Information supplied section start
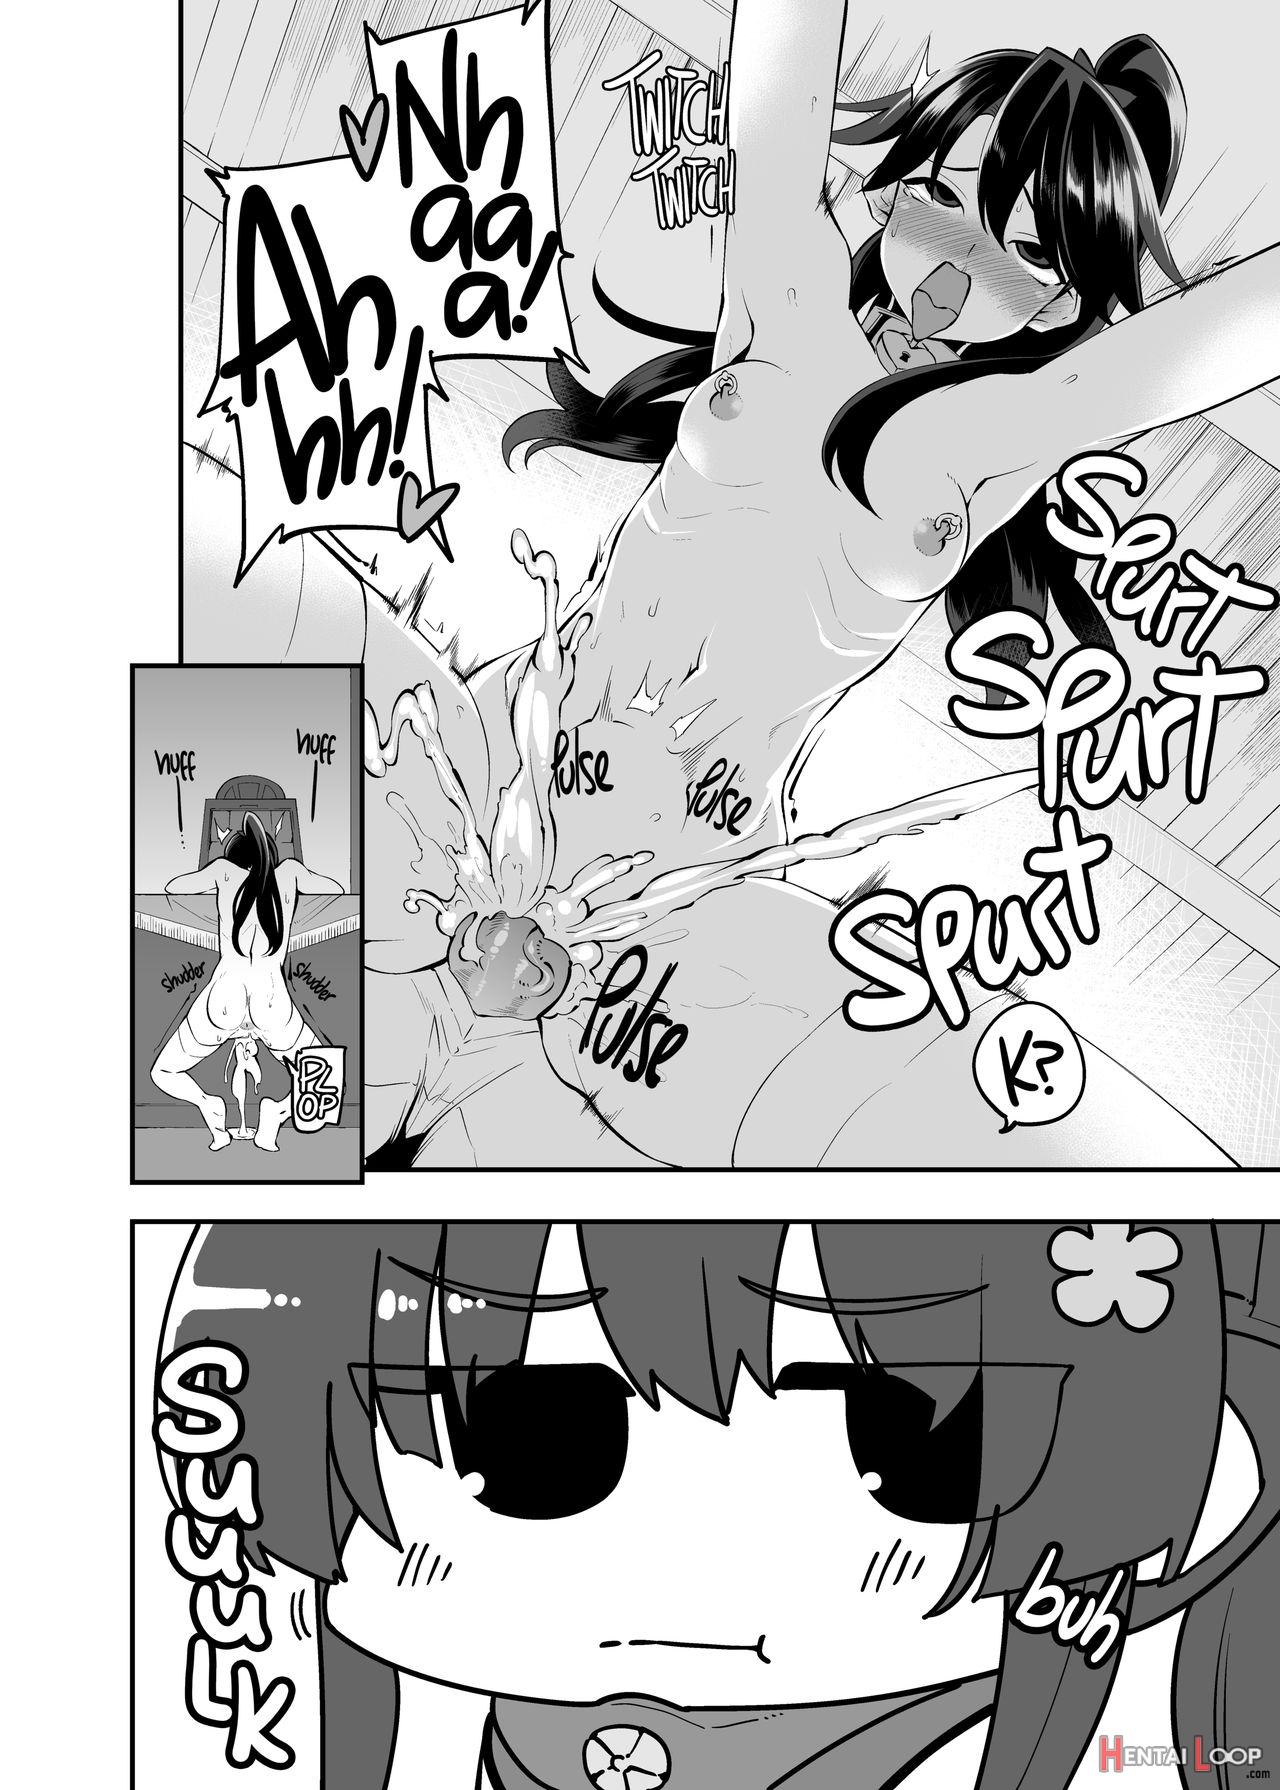 Onahole Yamato Reporting For Duty page 5
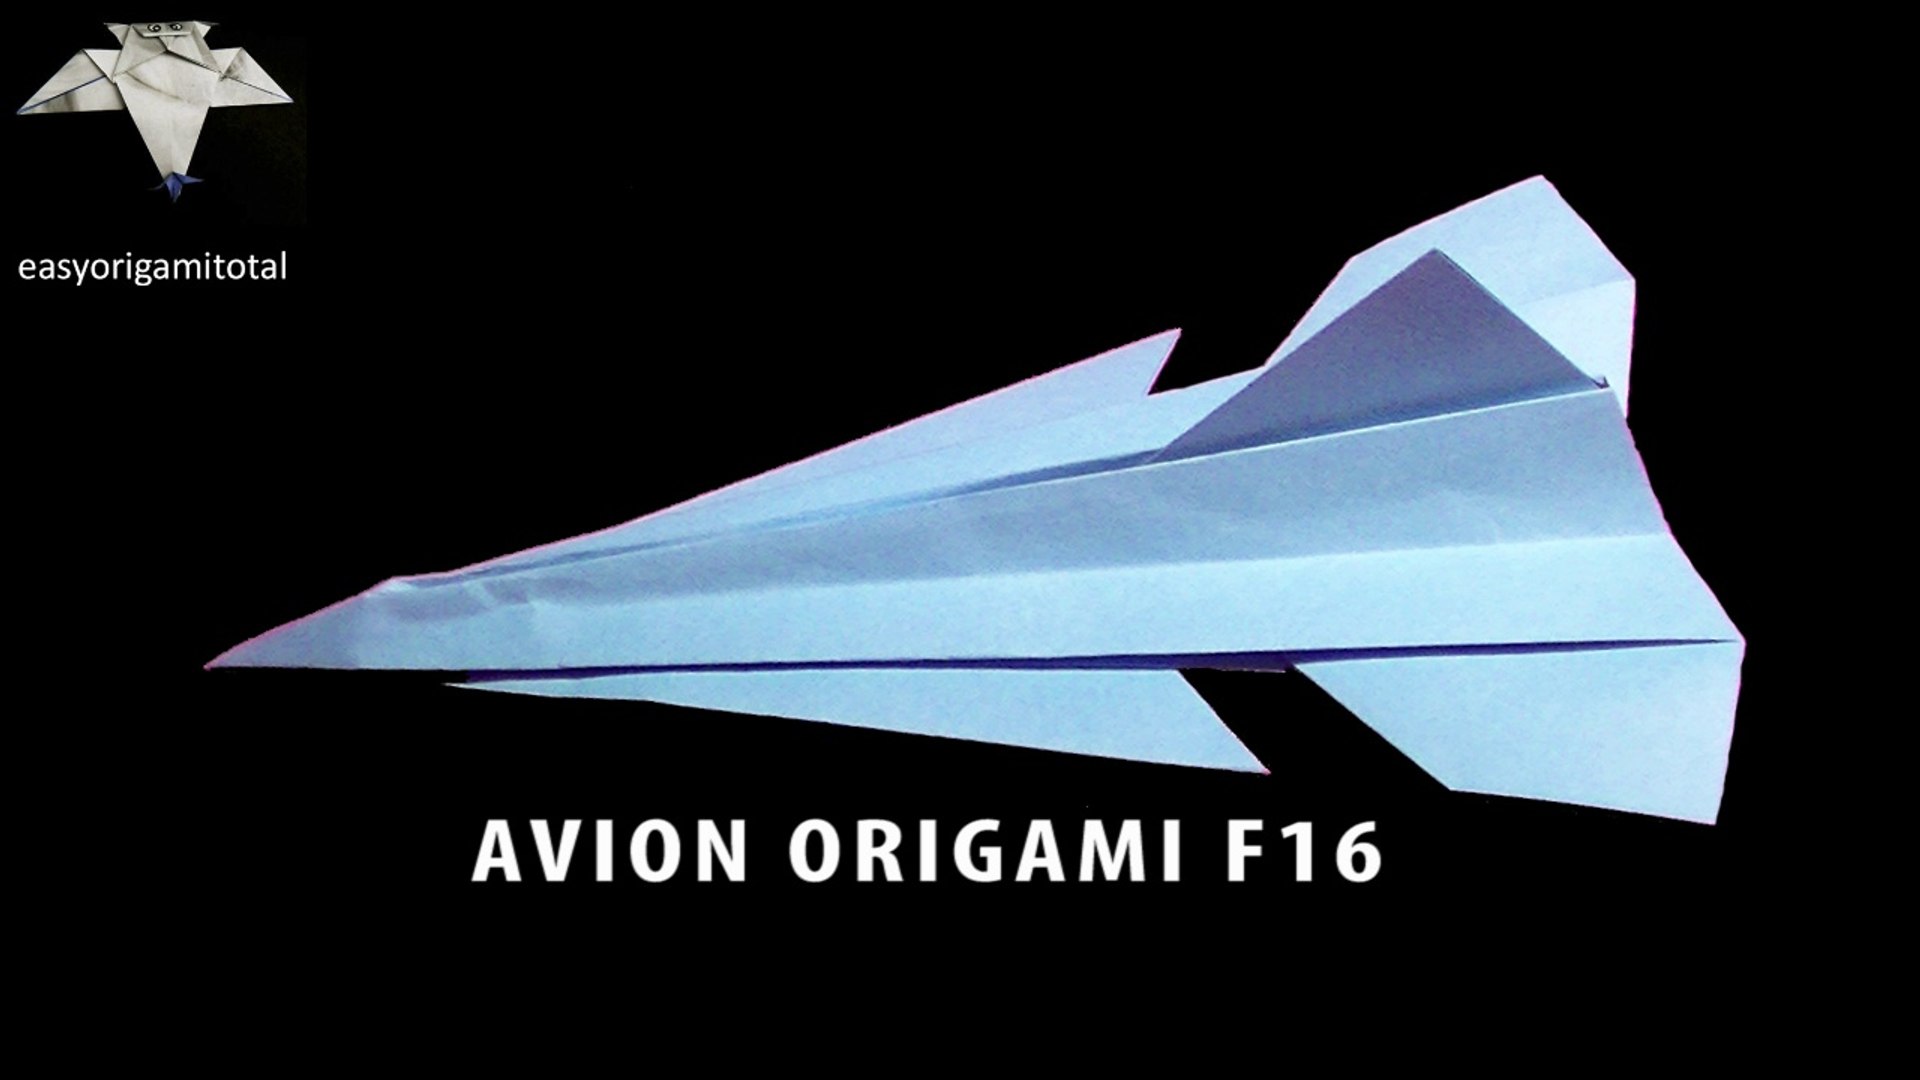 AVION ORIGAMI DE COMBATE TIPO F16 - video Dailymotion
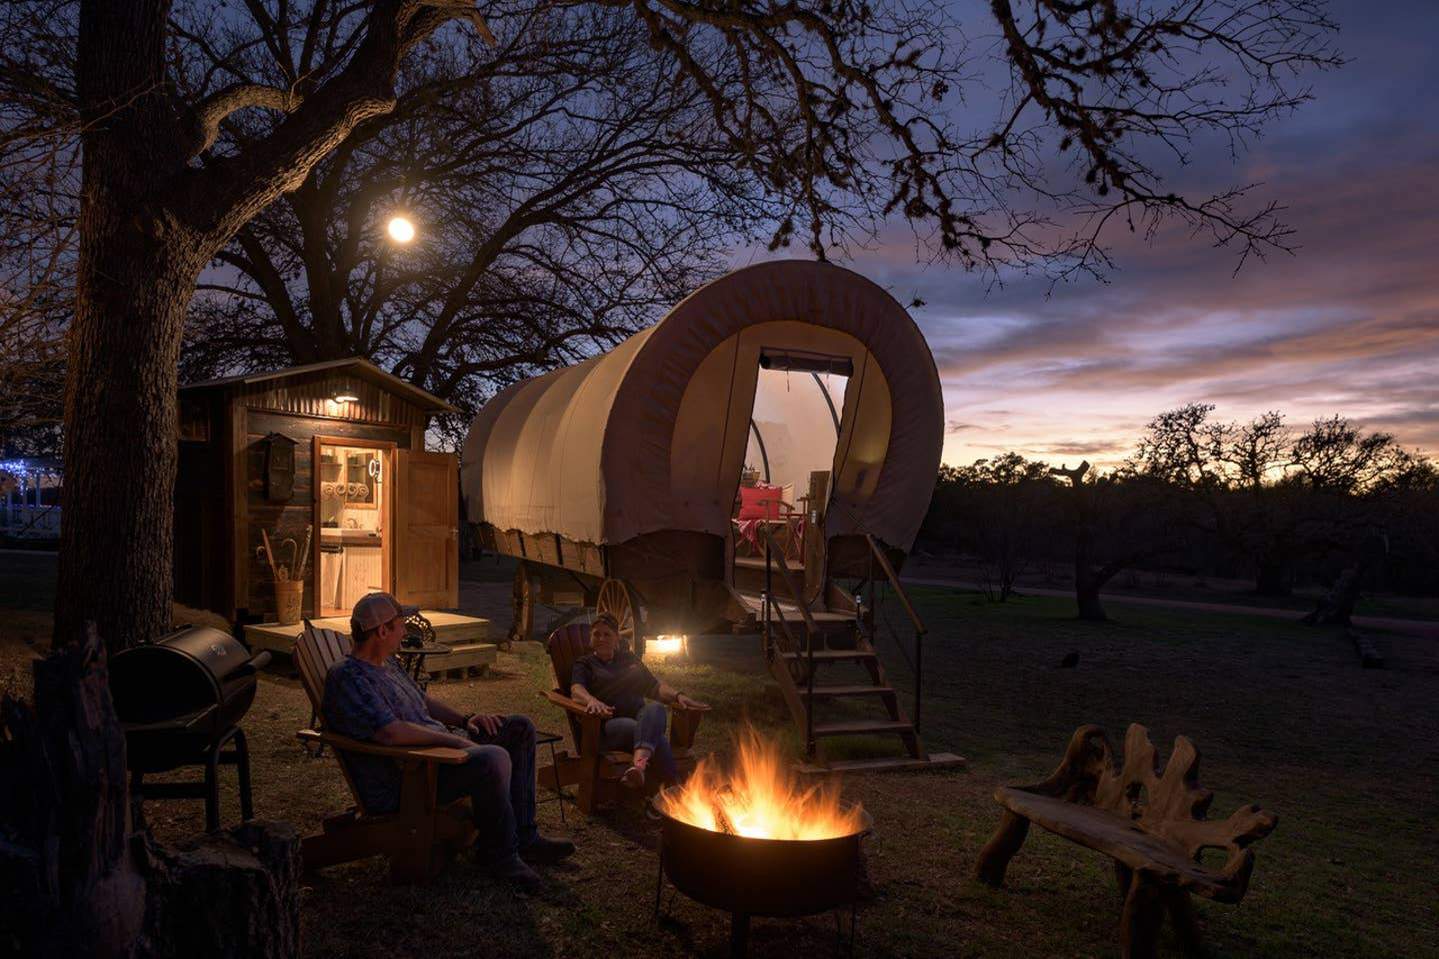 Glamp it up Texas-style in this covered wagon listed on Airbnb
Information supplied section end
Instructions to follow: Please print the listing above again word for word, without its pictures.

Exercise output:
 Onahole Yamato Reporting For Duty page 5
 AVION ORIGAMI DE COMBATE TIPO F16 - video Dailymotion
 Glamp it up Texas-style in this covered wagon listed on Airbnb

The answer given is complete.